AutisticMillionaire wrote:
Masonry Some call it a religion but they have been known to target members leaving
My grandad was a Mason. He aged and stopped bothering to attending as there were less of his old friends in it. Then, the year there was a really keen and intensely Masonic lodge master with a domineering personality, he came and visited him and determinedly talked him back into attending. After which he became a keen Mason again for the rest of his life, came to find its black tie dinner old-fashionedness just the niche he wanted. However good grandad felt about this, I never liked hearing the ex lodge master remember about making him come back to them, and not letting go until he said he would. He was shameless and joky about remembering that his own approach had been demanding and pressuring, successfully so.

Tequila wrote:
We know the ugly truth about Islam
don't know the ugly truth about Islam, at all. Only about the hardline versions of it, that are condemned by liberal Muslims.

TallyMan wrote:
I've read that a lot of Americans have to fake being Christian otherwise they would be ostracized by their peers, family or in the workplace ...
While in Britain they may have to fake being atheist. When there is no already socially accepted religious person around, atheist peer groups get very aggressive and mocking, that anyone who believes in anything supernatural is gullible and childish or a nutter, judged as offending against rational science wot we know is right. Their confidence in being right is just as doctrinal as a religious peer group's. All supernatural beliefs must be bad because they come from religions that told you what to think or else would reject you, therefore unless you let us tell you to think that, we must be right to reject you.
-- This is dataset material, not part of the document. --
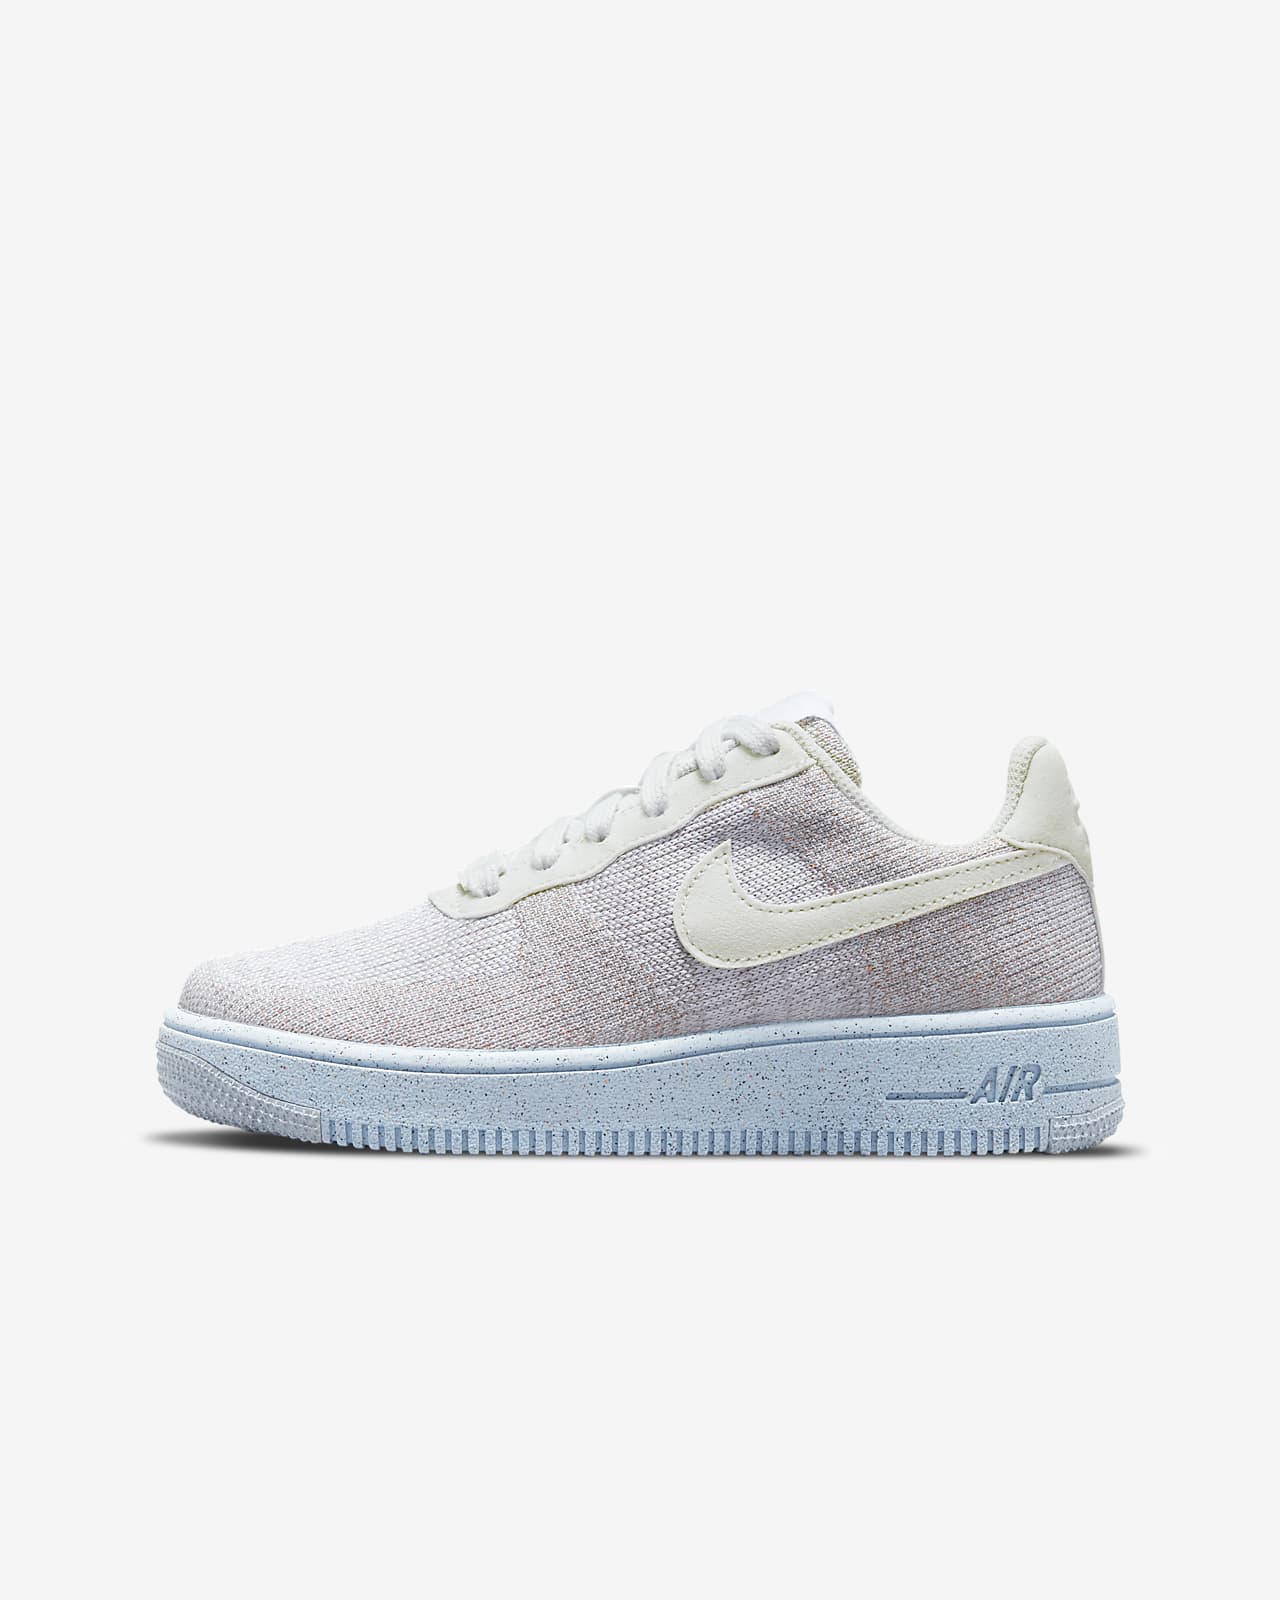 Nike Air Force 1 Crater Flyknit Older Kids' Shoe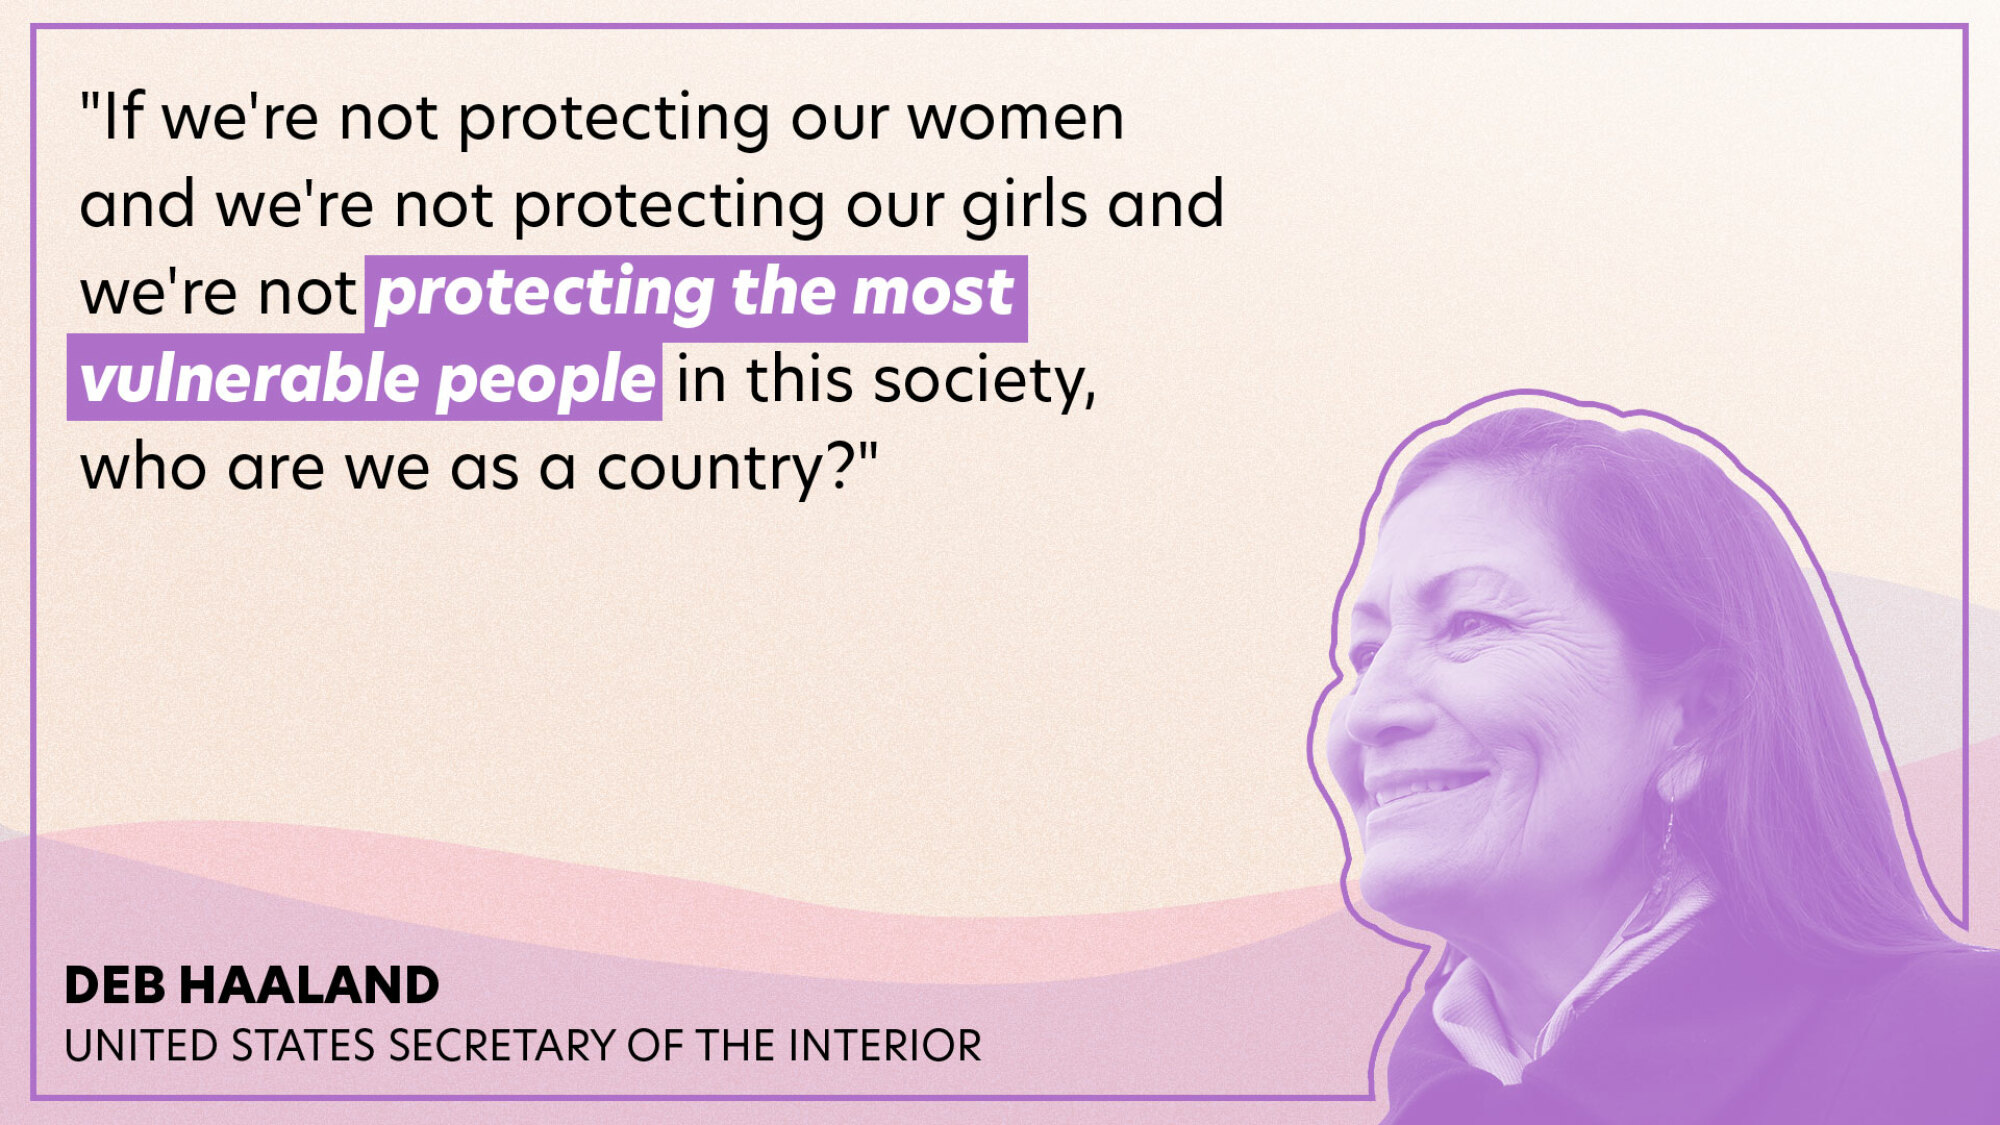 "If we're not protecting our women and we're not protecting our girls and we're not protecting the most vulnerable people in this society, who are we as a country?"

AutisticMillionaire wrote:
Lutherans and Anglicans are Protestants but are different religions too
Anglicans are even different religions to each other. Liberal and Evangelical churches with a condemnatorily strong disapproval of each other both exist under the Anglican label, and as close neighbours in the same area. It's a quirk of history that congregations have evolved in different directions at random, both wings think they are entitled to the continuity of Anglican tradition and neither wing wants to let the other drive them out. Liberal Anglican churches serve a refuge function against other churches, against religious rejection. They get a lot of their membership from folks who have left Evangelical taken over churches, including other Anglican ones! in disgust, or maybe have been put under social pressure by the Evangelicals to toe a line that the liberal churches under the same label say is wrong!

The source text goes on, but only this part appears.